Model fitting is done with the MCMC algorithm described in the Section 3.2, based on 50,000 iterations in total. The first 10,000 samples are burned in, and only every 20th value is taken for our inference as to reduce dependence. After this burn-in process, the mixing of MCMC samples looks pretty good, and the trace plots of MCMC samples of parameters are convergent.

In Figure 2, we display results of 4 represented individuals among the 10 simulated individuals in the example. Those four individuals have noticeable differences in the shape of their corresponding trajectories. The growth curve for the first subject is steadily increasing without obvious transition. While for the second individual in Figure 2, he or she has obvious turning points. He or she grows slowly during the initial period, then rapidly grows in the middle and reaches the plateaus in the end.
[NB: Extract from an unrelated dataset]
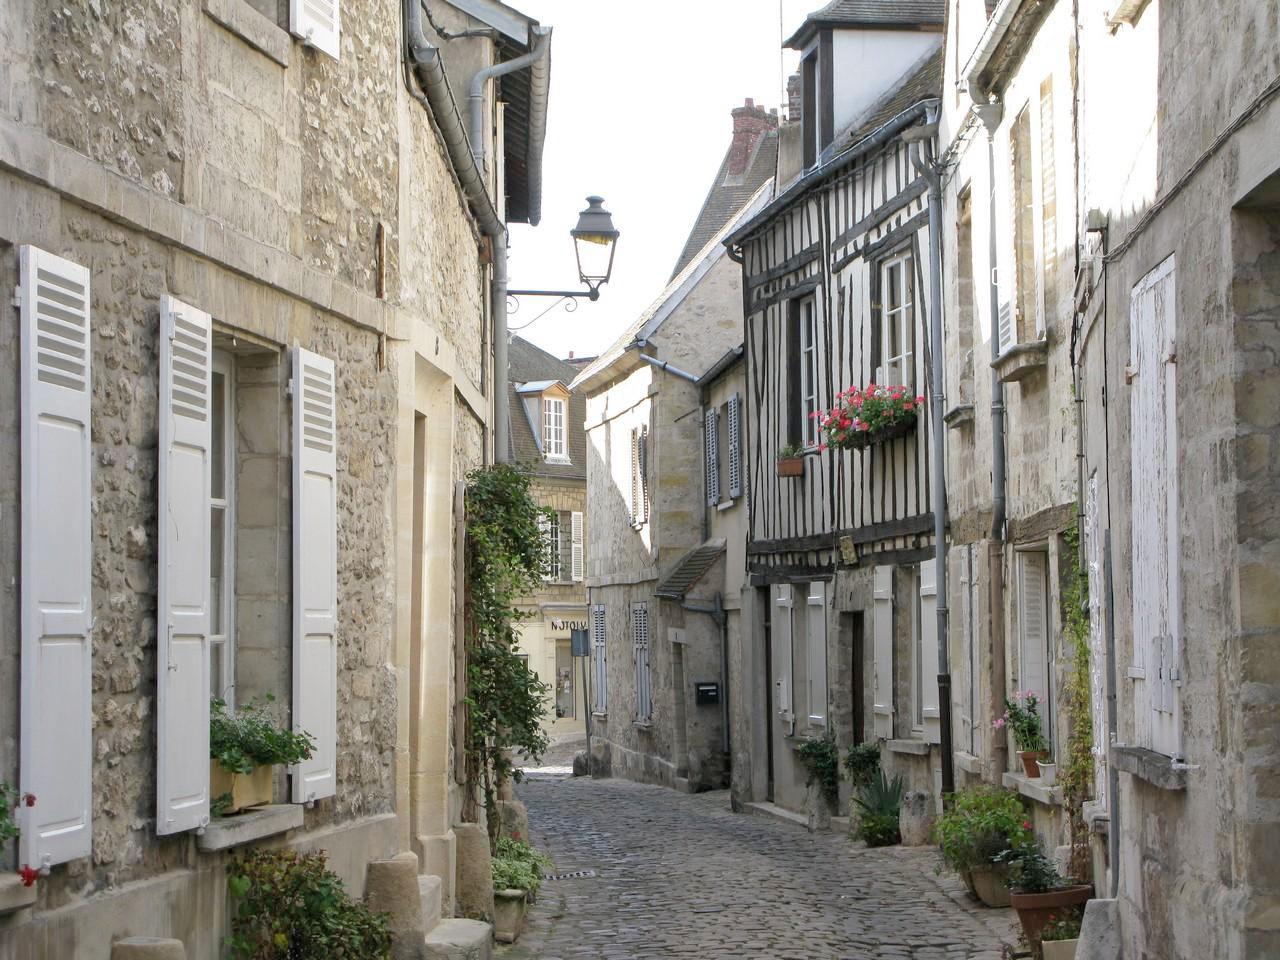 rue-de-la-tonnellerie-fnotsi

For third and sixth subjects in Figure 2, they have similar phenomena as the second individual but with different lengths of the three stages in the study.

Figure 2.

The estimation of latent trajectories for the first, second, third, and sixth subjects. (A) First individual. (B) Second individual. (C) Third individual. (D) Sixth individual.
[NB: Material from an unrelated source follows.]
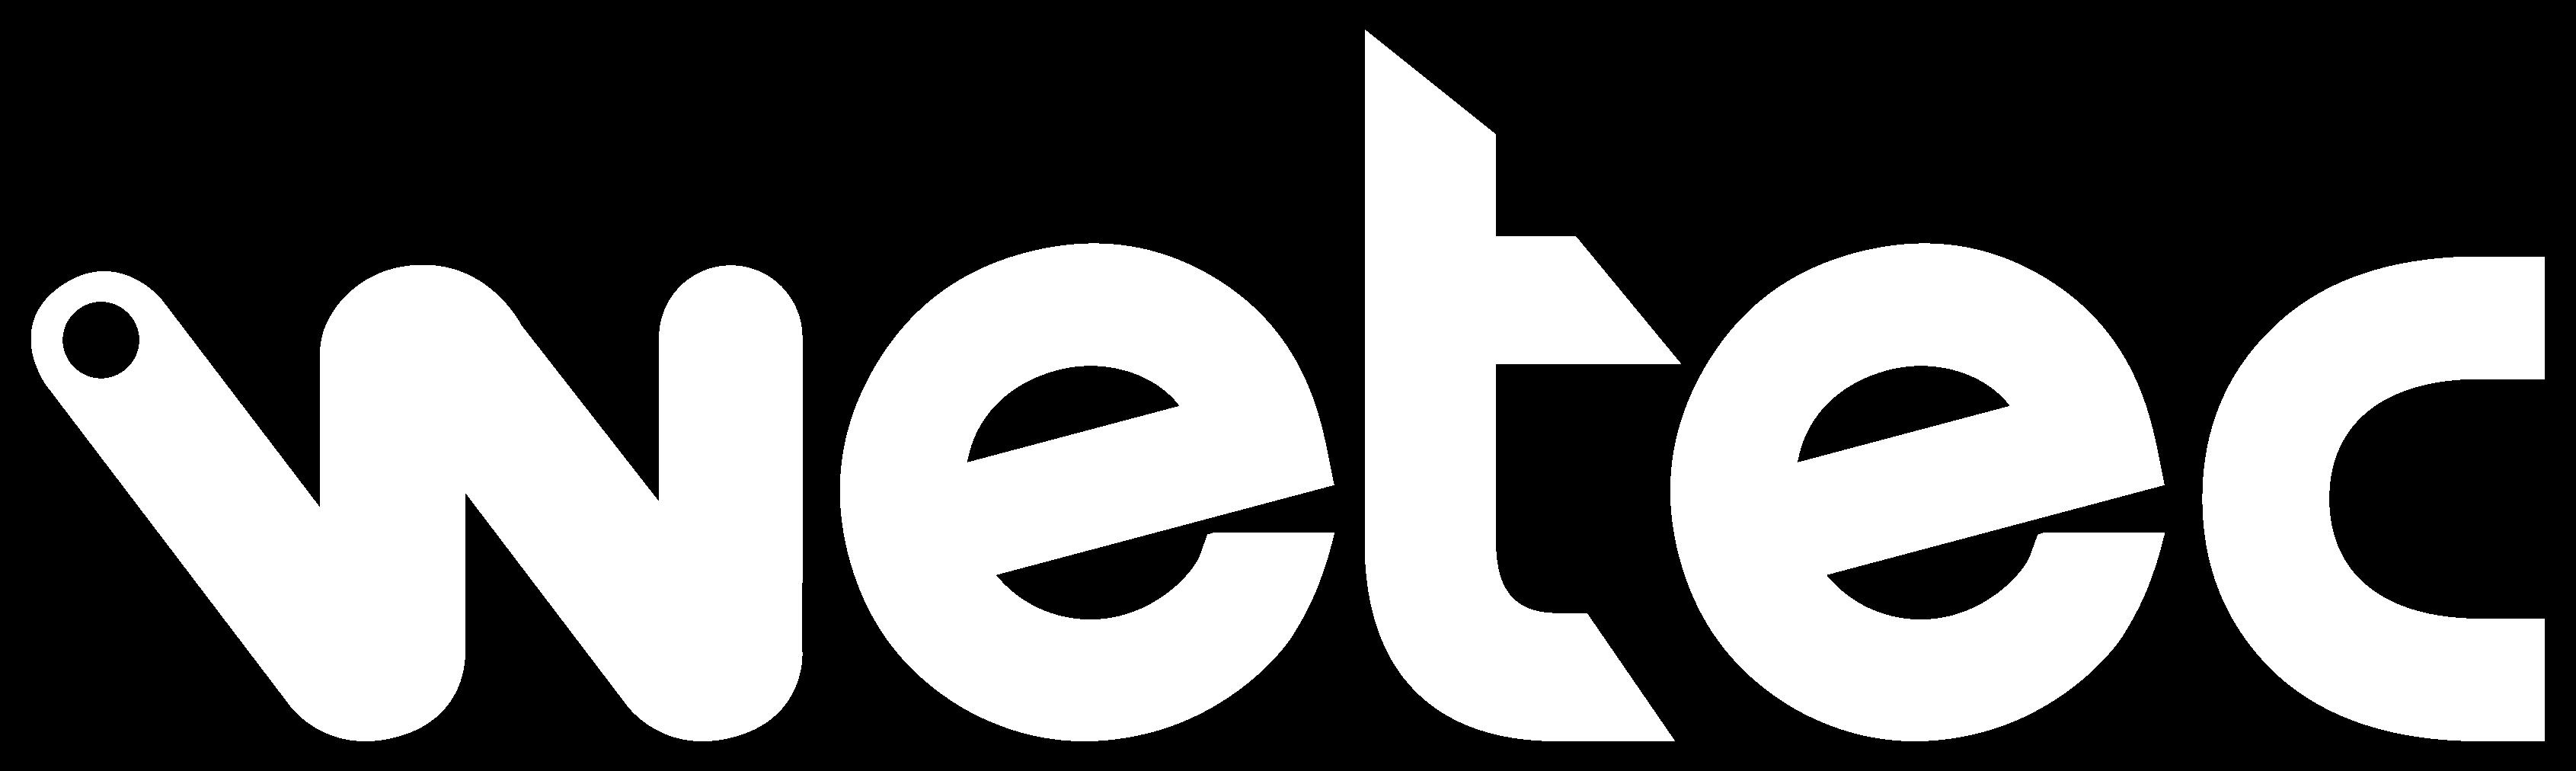 WETEC | Oficial

In each subfigure of Figure 2, the dash line represents the true underlying function $f_{i} (\cdot)$ , the bullet dots are simulated values of $θ_{i, j}$ ’s for $j = 1, \dots, T_{i}$ , and the star dotted line is the estimate of posterior median of $f_{i} (\cdot)$ , along with the solid lines representing the corresponding 2.5% and 97.5% credible bands. We could see that the fitted trajectory captures the trend pretty well even though the number of different test date is comparatively small, that is, 60. Simulations for larger sample sizes have been tested, and the results were generally better. Those results are not addressed here as to save the space.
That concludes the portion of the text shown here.